Nucleotide sequence accession numbers.
The nucleotide sequences generated in this study have been deposited in GenBank under accession numbers KF198990 to KF199058 (RhDBTN tree), KF199059 to KF199135 (Rh802 tree), KF198820 to KF198938 (Rh804 tree), and KF198939 to KF198989 (Rh817 tree).
RESULTS
In vivo passage of SIV from the brain.
To develop a reproducible rhesus macaque model of neuro-AIDS, our group has been conducting sequential intravenous rhesus macaque passages of viruses isolated from the brains of rhesus macaques with SIVE, and we recently isolated the neuropathogenic viral swarm SIVsmH783Br (14). An additional passage was conducted with the virus isolated from a SIVsmH783Br-infected animal, designated SIVsmH804E, by intravenous inoculation into a group of six rhesus macaques. Although this study is still in progress, with one animal surviving, three of these animals developed SIVE, similar to the incidence of SIVE observed using the previous passage of virus, i.e., SIVsmH783Br (data not shown). The SIVsmH783Br and SIVsmH804E isolates used in this study were approximately 1.7% divergent in envelope sequence from the original parental SIVsmE543-3 isolate and are quite closely related to one another (0.6% divergent), despite differing by one animal passage.

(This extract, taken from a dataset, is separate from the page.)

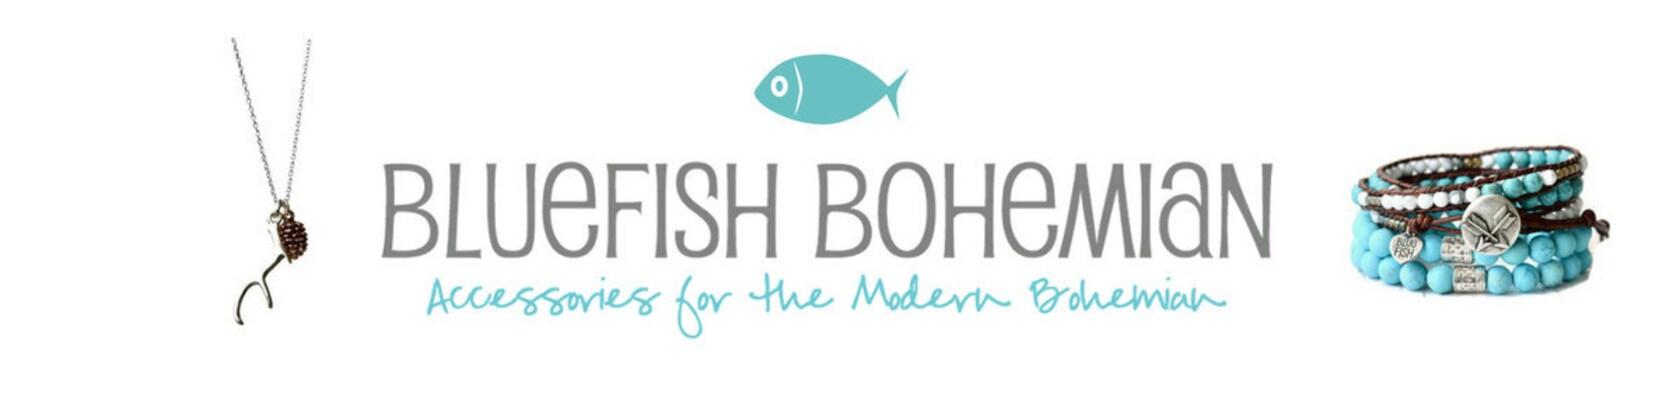 BluefishBohemian

A representative group of 4 animals that developed SIVE (RhDBTN, Rh802, Rh804, and Rh817) was selected prospectively from the pool of both SIVsmH783Br- and SIVsmH804E-infected animals for subsequent analysis by laser capture microdissection (Table 1). Our criteria for selection were as follows: (i) pathological evidence of SIV encephalitis, with or without involvement of the meninges; (ii) detection of SIV expression by in situ hybridization; and (iii) properly cryopreserved brain tissues. The last criterion eliminated any retrospective samples. Two of these monkeys, RhDBTN and Rh802, progressed rapidly, developing neurological symptoms (tremors and motor weakness) necessitating euthanasia at 13 and 18 weeks postinoculation, respectively. The other two monkeys, Rh804 and Rh817, progressed more slowly and were sacrificed at 43 and 47 weeks postinoculation, respectively, also due to neurological symptoms. Histopathologic examination of the brain tissue revealed that animals RhDBTN, Rh802, and Rh804 had SIV-induced meningoencephalitis, whereas Rh817 had only histopathologic evidence of encephalitis (Table 1) upon examination of multiple tissue sections. As observed previously, lesions were characterized by perivascular accumulations of SIV-expressing macrophages and multinucleated giant cells admixed with lymphocytes as well as glial nodules.
Table 1.
Summary of study animalsa
Animal | Inoculum | Meningitis | Encephalitis | CSF viral load at death (log10 copies) | Plasma viral load at death (log10 copies) | Time of survival (wk) |
---|---|---|---|---|---|---|
DBTN | SIVsm783br | Yes | Yes | 6 | 4 | 13 |
H802 | SIVsm783br | Yes | Yes | 6 | 6 | 18 |
H804 | SIVsm783br | Yes | Yes | 7 | 7 | 43 |
H817 | SIVsm804E | No | Yes | 3 | 4 | 47 |
The animals indicated with shading were rapid progressors.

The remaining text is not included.